* [Exercise requirements]:
Each record that follows must be reproduced exactly.

* [Data for processing]:
>>>>>
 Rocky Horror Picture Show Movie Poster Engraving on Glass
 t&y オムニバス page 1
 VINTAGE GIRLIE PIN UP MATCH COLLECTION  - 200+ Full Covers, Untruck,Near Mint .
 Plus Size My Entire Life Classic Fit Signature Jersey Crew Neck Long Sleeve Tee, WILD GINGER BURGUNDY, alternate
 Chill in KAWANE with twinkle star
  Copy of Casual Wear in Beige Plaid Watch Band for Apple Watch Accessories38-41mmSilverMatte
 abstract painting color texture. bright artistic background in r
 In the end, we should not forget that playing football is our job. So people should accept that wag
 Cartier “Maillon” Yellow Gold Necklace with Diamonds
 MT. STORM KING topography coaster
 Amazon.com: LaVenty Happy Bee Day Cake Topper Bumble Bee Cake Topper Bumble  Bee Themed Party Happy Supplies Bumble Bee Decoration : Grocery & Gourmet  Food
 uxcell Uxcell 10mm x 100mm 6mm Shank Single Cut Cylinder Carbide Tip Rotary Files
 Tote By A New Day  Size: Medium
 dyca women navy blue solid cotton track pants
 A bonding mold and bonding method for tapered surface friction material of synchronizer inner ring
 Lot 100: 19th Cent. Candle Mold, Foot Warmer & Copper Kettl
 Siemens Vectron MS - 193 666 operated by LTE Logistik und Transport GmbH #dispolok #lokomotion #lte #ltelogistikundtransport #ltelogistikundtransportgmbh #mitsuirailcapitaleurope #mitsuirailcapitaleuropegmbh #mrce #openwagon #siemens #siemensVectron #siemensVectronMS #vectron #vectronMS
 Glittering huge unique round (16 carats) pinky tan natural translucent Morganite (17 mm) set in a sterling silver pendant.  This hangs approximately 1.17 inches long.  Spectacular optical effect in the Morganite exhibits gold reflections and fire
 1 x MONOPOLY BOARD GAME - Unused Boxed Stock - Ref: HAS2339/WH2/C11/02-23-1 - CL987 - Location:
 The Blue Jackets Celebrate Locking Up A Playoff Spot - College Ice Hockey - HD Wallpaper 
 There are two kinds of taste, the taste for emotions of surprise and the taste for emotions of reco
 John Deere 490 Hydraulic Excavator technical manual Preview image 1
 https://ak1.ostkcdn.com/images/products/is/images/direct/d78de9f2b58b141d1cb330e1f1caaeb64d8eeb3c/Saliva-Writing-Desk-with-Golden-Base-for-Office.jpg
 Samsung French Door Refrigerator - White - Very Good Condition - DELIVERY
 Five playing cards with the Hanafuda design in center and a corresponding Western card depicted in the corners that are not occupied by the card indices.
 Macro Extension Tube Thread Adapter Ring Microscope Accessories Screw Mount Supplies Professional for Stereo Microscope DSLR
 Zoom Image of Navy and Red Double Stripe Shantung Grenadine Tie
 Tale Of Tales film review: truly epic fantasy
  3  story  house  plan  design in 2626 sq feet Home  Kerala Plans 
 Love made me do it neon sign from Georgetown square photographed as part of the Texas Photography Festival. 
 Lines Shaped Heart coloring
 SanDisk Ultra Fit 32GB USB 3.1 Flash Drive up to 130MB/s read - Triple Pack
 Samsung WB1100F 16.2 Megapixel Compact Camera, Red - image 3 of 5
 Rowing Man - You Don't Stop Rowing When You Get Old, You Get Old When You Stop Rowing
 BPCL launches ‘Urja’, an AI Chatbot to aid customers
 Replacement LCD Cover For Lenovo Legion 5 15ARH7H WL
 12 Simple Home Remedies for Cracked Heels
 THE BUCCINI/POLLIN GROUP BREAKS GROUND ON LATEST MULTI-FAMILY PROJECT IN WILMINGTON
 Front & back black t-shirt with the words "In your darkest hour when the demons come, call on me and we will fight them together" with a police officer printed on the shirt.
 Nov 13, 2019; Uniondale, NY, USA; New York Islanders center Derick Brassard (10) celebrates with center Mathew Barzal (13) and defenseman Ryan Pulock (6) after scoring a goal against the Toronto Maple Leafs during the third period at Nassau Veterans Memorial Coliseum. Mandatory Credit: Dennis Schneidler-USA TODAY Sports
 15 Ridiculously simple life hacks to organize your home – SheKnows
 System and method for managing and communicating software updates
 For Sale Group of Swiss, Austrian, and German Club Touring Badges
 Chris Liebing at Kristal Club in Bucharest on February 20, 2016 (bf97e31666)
<<<<<
* [Response below]:
 Rocky Horror Picture Show Movie Poster Engraving on Glass
 t&y オムニバス page 1
 VINTAGE GIRLIE PIN UP MATCH COLLECTION  - 200+ Full Covers, Untruck,Near Mint .
 Plus Size My Entire Life Classic Fit Signature Jersey Crew Neck Long Sleeve Tee, WILD GINGER BURGUNDY, alternate
 Chill in KAWANE with twinkle star
  Copy of Casual Wear in Beige Plaid Watch Band for Apple Watch Accessories38-41mmSilverMatte
 abstract painting color texture. bright artistic background in r
 In the end, we should not forget that playing football is our job. So people should accept that wag
 Cartier “Maillon” Yellow Gold Necklace with Diamonds
 MT. STORM KING topography coaster
 Amazon.com: LaVenty Happy Bee Day Cake Topper Bumble Bee Cake Topper Bumble  Bee Themed Party Happy Supplies Bumble Bee Decoration : Grocery & Gourmet  Food
 uxcell Uxcell 10mm x 100mm 6mm Shank Single Cut Cylinder Carbide Tip Rotary Files
 Tote By A New Day  Size: Medium
 dyca women navy blue solid cotton track pants
 A bonding mold and bonding method for tapered surface friction material of synchronizer inner ring
 Lot 100: 19th Cent. Candle Mold, Foot Warmer & Copper Kettl
 Siemens Vectron MS - 193 666 operated by LTE Logistik und Transport GmbH #dispolok #lokomotion #lte #ltelogistikundtransport #ltelogistikundtransportgmbh #mitsuirailcapitaleurope #mitsuirailcapitaleuropegmbh #mrce #openwagon #siemens #siemensVectron #siemensVectronMS #vectron #vectronMS
 Glittering huge unique round (16 carats) pinky tan natural translucent Morganite (17 mm) set in a sterling silver pendant.  This hangs approximately 1.17 inches long.  Spectacular optical effect in the Morganite exhibits gold reflections and fire
 1 x MONOPOLY BOARD GAME - Unused Boxed Stock - Ref: HAS2339/WH2/C11/02-23-1 - CL987 - Location:
 The Blue Jackets Celebrate Locking Up A Playoff Spot - College Ice Hockey - HD Wallpaper 
 There are two kinds of taste, the taste for emotions of surprise and the taste for emotions of reco
 John Deere 490 Hydraulic Excavator technical manual Preview image 1
 https://ak1.ostkcdn.com/images/products/is/images/direct/d78de9f2b58b141d1cb330e1f1caaeb64d8eeb3c/Saliva-Writing-Desk-with-Golden-Base-for-Office.jpg
 Samsung French Door Refrigerator - White - Very Good Condition - DELIVERY
 Five playing cards with the Hanafuda design in center and a corresponding Western card depicted in the corners that are not occupied by the card indices.
 Macro Extension Tube Thread Adapter Ring Microscope Accessories Screw Mount Supplies Professional for Stereo Microscope DSLR
 Zoom Image of Navy and Red Double Stripe Shantung Grenadine Tie
 Tale Of Tales film review: truly epic fantasy
  3  story  house  plan  design in 2626 sq feet Home  Kerala Plans 
 Love made me do it neon sign from Georgetown square photographed as part of the Texas Photography Festival. 
 Lines Shaped Heart coloring
 SanDisk Ultra Fit 32GB USB 3.1 Flash Drive up to 130MB/s read - Triple Pack
 Samsung WB1100F 16.2 Megapixel Compact Camera, Red - image 3 of 5
 Rowing Man - You Don't Stop Rowing When You Get Old, You Get Old When You Stop Rowing
 BPCL launches ‘Urja’, an AI Chatbot to aid customers
 Replacement LCD Cover For Lenovo Legion 5 15ARH7H WL
 12 Simple Home Remedies for Cracked Heels
 THE BUCCINI/POLLIN GROUP BREAKS GROUND ON LATEST MULTI-FAMILY PROJECT IN WILMINGTON
 Front & back black t-shirt with the words "In your darkest hour when the demons come, call on me and we will fight them together" with a police officer printed on the shirt.
 Nov 13, 2019; Uniondale, NY, USA; New York Islanders center Derick Brassard (10) celebrates with center Mathew Barzal (13) and defenseman Ryan Pulock (6) after scoring a goal against the Toronto Maple Leafs during the third period at Nassau Veterans Memorial Coliseum. Mandatory Credit: Dennis Schneidler-USA TODAY Sports
 15 Ridiculously simple life hacks to organize your home – SheKnows
 System and method for managing and communicating software updates
 For Sale Group of Swiss, Austrian, and German Club Touring Badges
 Chris Liebing at Kristal Club in Bucharest on February 20, 2016 (bf97e31666)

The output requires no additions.